Referring to the upper surface of cabinet 11, a plurality of displays,
control switches and indicator lights are mounted. A first digital display
51 shows the temperature setting of the fluid to be applied to the wound
site as set by the operator. A second display 52 displays the actual
temperature of the fluid within the thermoelectric cooling unit. The third
display 53 displays the calculated temperature of the fluid within the
blanket 17 being applied to the wound of the patient. A power cord 50
supplies operating current to the control unit 36 for the operation of the
control and power circuitry.
A first control switch 54 is touch actuated and serves to start the
operation of the system. A second touch control switch 55 raises the
temperature for which the system is set, as shown in display 51. The third
switch 56 lowers the temperature at which the system is set as shown in
the first display 51. The fourth switch 57 controls the system to switch
the temperatures used from fahrenheit to centigrade and back again.
Finally, the fifth switch 58 serves to stop the pump and the cooling
operation of the system. This function is used by the patient in the event
that the blanket 17 must be temporarily removed from the patient when the
patient leaves his bed.
The first indicator light 61 indicates the need to add fluid to the system.
This is determined by a preselected difference between the set temperature
shown in display 51 and the unit temperature shown in 52 indicating the
absence of fluid to lower that temperature. Alternatively, the system may
include a dual point conductivity probe located in either the delivery or
return fluid flow lines to measure the conductivity of the fluid flowing
therein. If a high percentage of air is contained in the fluid, the
resistance will go up indicating a need to add water to the system. The
second indicator light 62 is lit to indicate the necessity for checking a
fluid connection on the possibility that a leakage has occurred. The third
indicator light 63 is lit when the system is operating properly. The
fourth indicator light 64 is lit when the system is ready to begin fluid
circulation operation by pressing the start switch 54.

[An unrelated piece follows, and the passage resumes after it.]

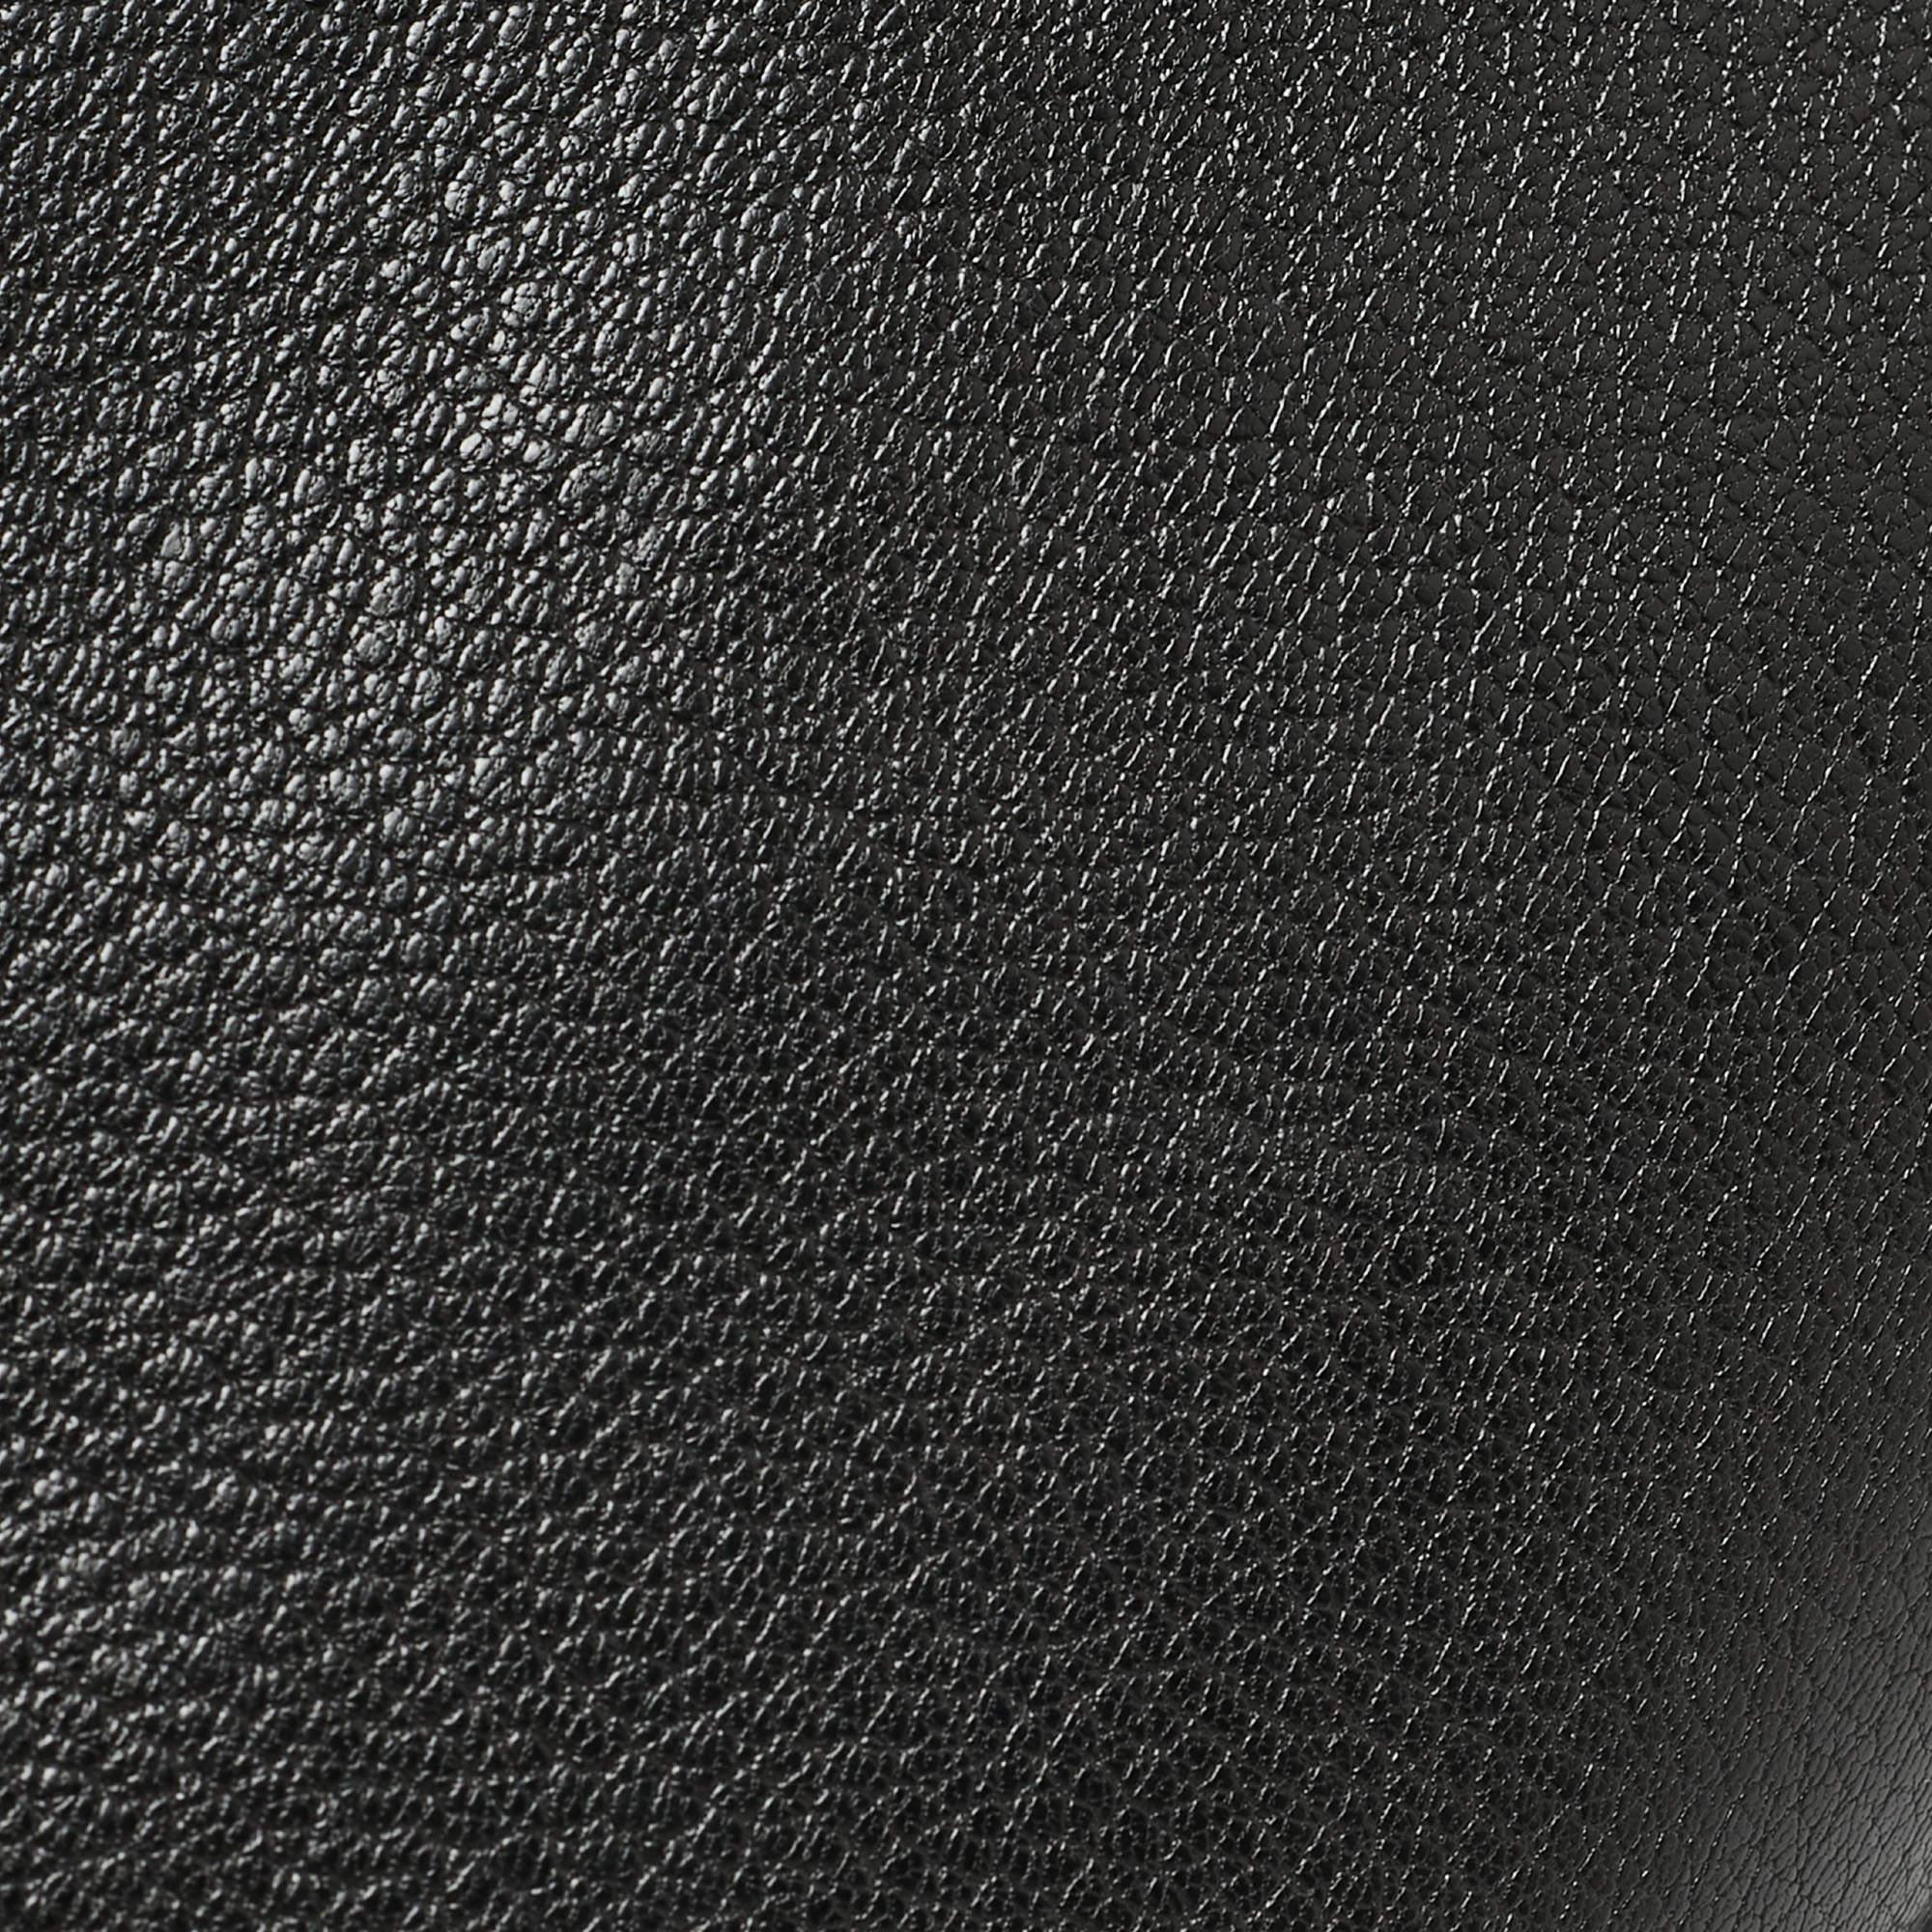 Givenchy Black Leather Medium Antigona Satchel In Good Condition For Sale In Dubai, Al Qouz 2

As can be seen from FIG. 1, the system operates by energizing the system
and then selecting a preselected temperature in the display 51 by
manipulation of the switches 55 and 56. Thereafter, depression of the
start switch 54 starts the pump 31 to circulate the fluid through the
thermoelectric cooling unit 34 and the conduits leading to and therefrom
and into the patient application blanket 17 for application of a cool
temperature to the patient. The control system 36 operates to energize the
thermoelectric control unit to maintain a very precise temperature of the
fluid which is actually being circulated into the blanket. The temperature
of the blanket is determined by a calculation of the mean temperature
between the temperature of the fluid at the exit conduit 16 of cabinet 11
and the temperature of the entrance fluid returning from the patient
blanket 17 at the fluid connection 15. These temperature sensors 43 and 41
provide a much more accurate determination of the actual temperature of
the fluid being applied to the patient than the prior art measurement
devices detecting fluid reservoir temperature. Alternatively, the system
may calculate an approximate blanket temperature by adding an
experimentally determined set-off value to the temperature of the fluid in
the return conduit 20 measured at sensor 43.
Referring next to FIG. 2, there is shown a exploded perspective view of the
thermoelectric cooling system 34 illustrated in FIG. 1. There it can be
seen how entrance and exit conduits 33 and 35 allow fluid to enter into
the unitary heat exchange block 71, wherein a serpentine flow pattern has
been formed in one surface thereof. The exposed surface of the block 71
will be shown in more detail below to be covered by a plate of relatively
thermally insulating material 72. Preferably, the block 71 is formed of a
highly conductive metal such as aluminum with the insulating plate formed
of a material such as plastic. One side of the block has formed thereon a
pair of raised pedestals 73 and 74. The pedestals are preferably formed
integrally with the aluminum block 71 and of the same material. The upper
surface of each of the pedestals 73 and 74 are placed in contact with the
cooling side of a pair of thermoelectric cooling devices 75 and 76.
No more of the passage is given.